Said Djabelkhir, an academic who analyses Sufi Islam and is widely followed for his social media posts, left an Algiers courtroom Thursday saying he was “a professor and not an iman” and would continue his fight for reasoned thought.
He had just been sentenced to three years jail — on bail and subject to appeal — on a lawsuit based on Algerian law against “anyone who offends the Prophet or denigrates the dogmatic precepts of Islam.”
The case had been pursued by another university professor and other detractors who claimed “everything in the Quran is history, with a capital H.”
Djabelkhir, 53, who makes a distinction between religious scripture and history, had argued during the trial that he had only provided “academic reflections.”
His lawyer Moumen Chadi described the case against him as baseless. “There is no proof”
Algeria under President Abdelmadjid Tebboune is headed for parliamentary elections in June, with Islamists seeking gains while the largely secular pro-democracy Hirak movement plans a poll boycott, demanding Algeria’s military elite relinquish long-held power.
Criminalization of ideas
The Algerian League for Human Rights condemned the court’s “criminalization of ideas” and Amnesty International described the sentence imposed on Djabelkhir as “outrageous.”
The author of two well-known works critical of dogma on Islam had written that the sacrifice of sheep pre-dated Islam.
He had also criticized the marriage of pre-pubescent girls in some Muslim societies and head covering, asserting the practice was not obligated in Islamic scriptures.
Specialist on Sufi Islam
Before his conviction on Thursday, Djabelkhir had told the French daily Le Figaro that it was the “first time in the history of Algeria that a university professor is [being tried] for giving his opinion in his own domain of specialization.”

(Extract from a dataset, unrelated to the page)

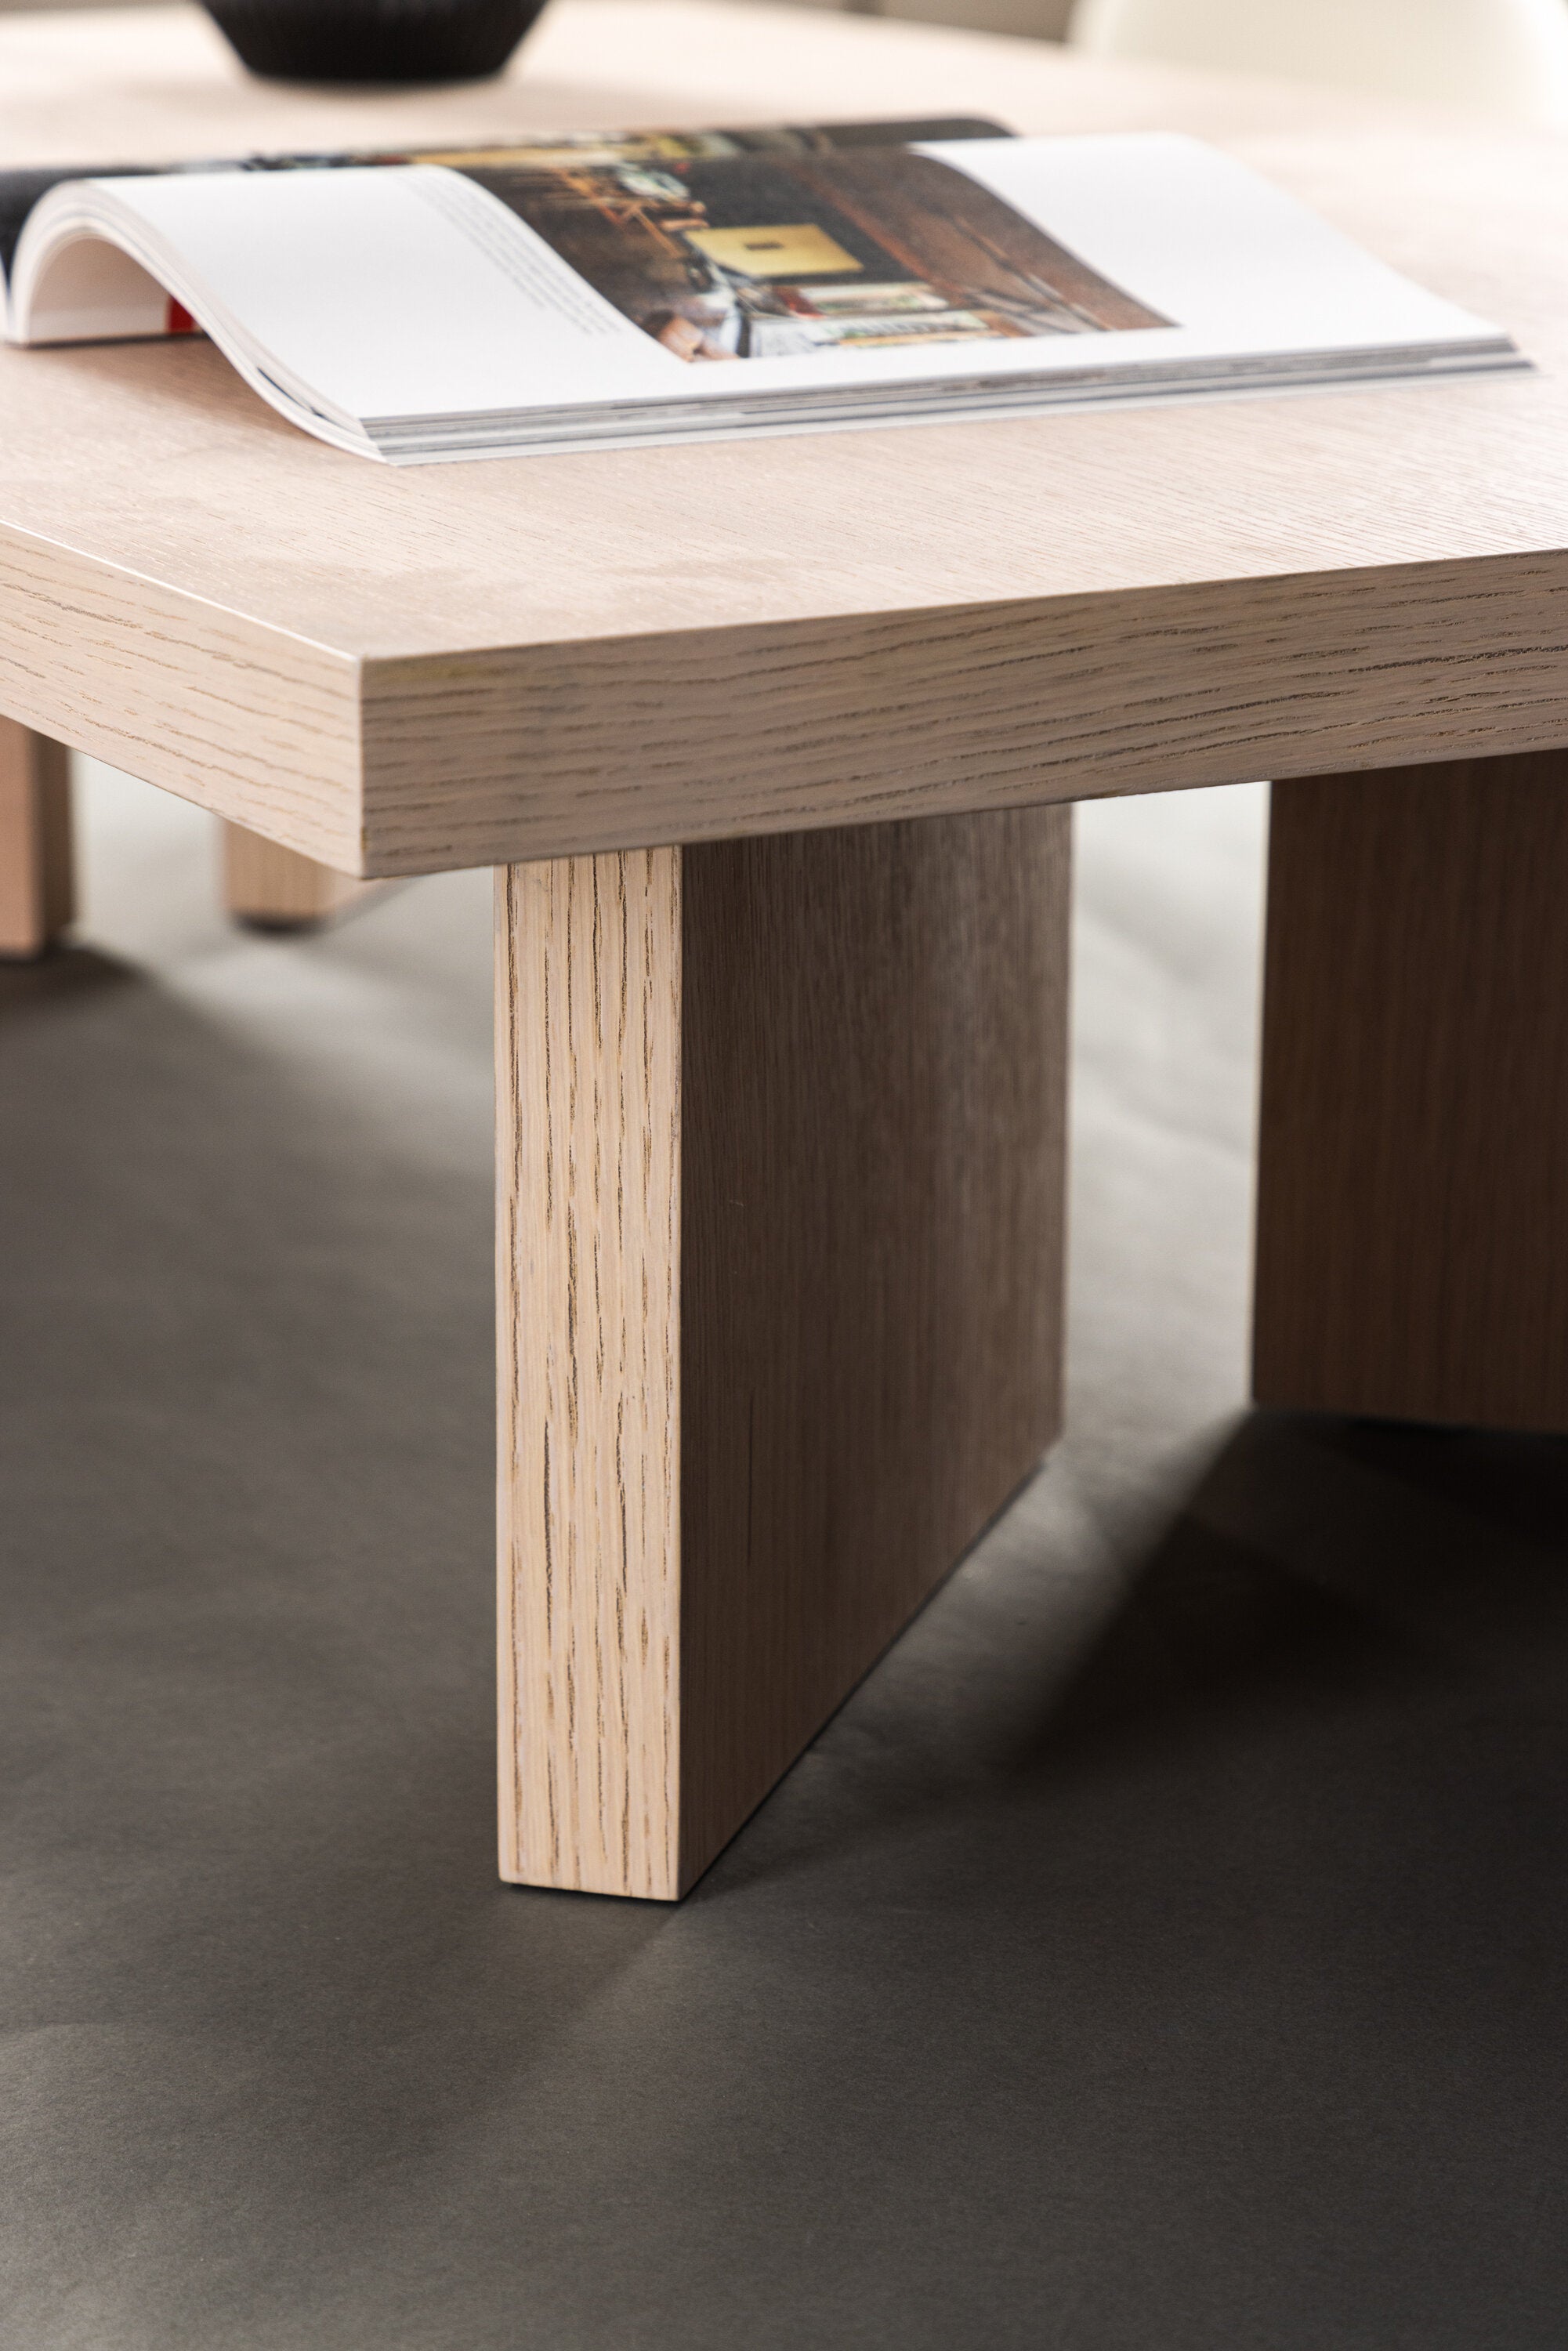 Bassholmen Coffee Tisch in Tünchen präsentiert im Onlineshop von KAQTU Design AG. Beistelltisch ist von Vind

Opponents, however, accused him of disrespecting the Quran and Islam’s five pillars, including the ritual hajj pilgrimage to Mecca.
On Wednesday, Algerian journalist Noureddine Tounsi was sentenced to a year in prison on charges that included “insulting the president of the republic.”
Reporters Without Borders ranked Algeria 146 out of 180 countries and territories in its 2021 World Press Freedom Index.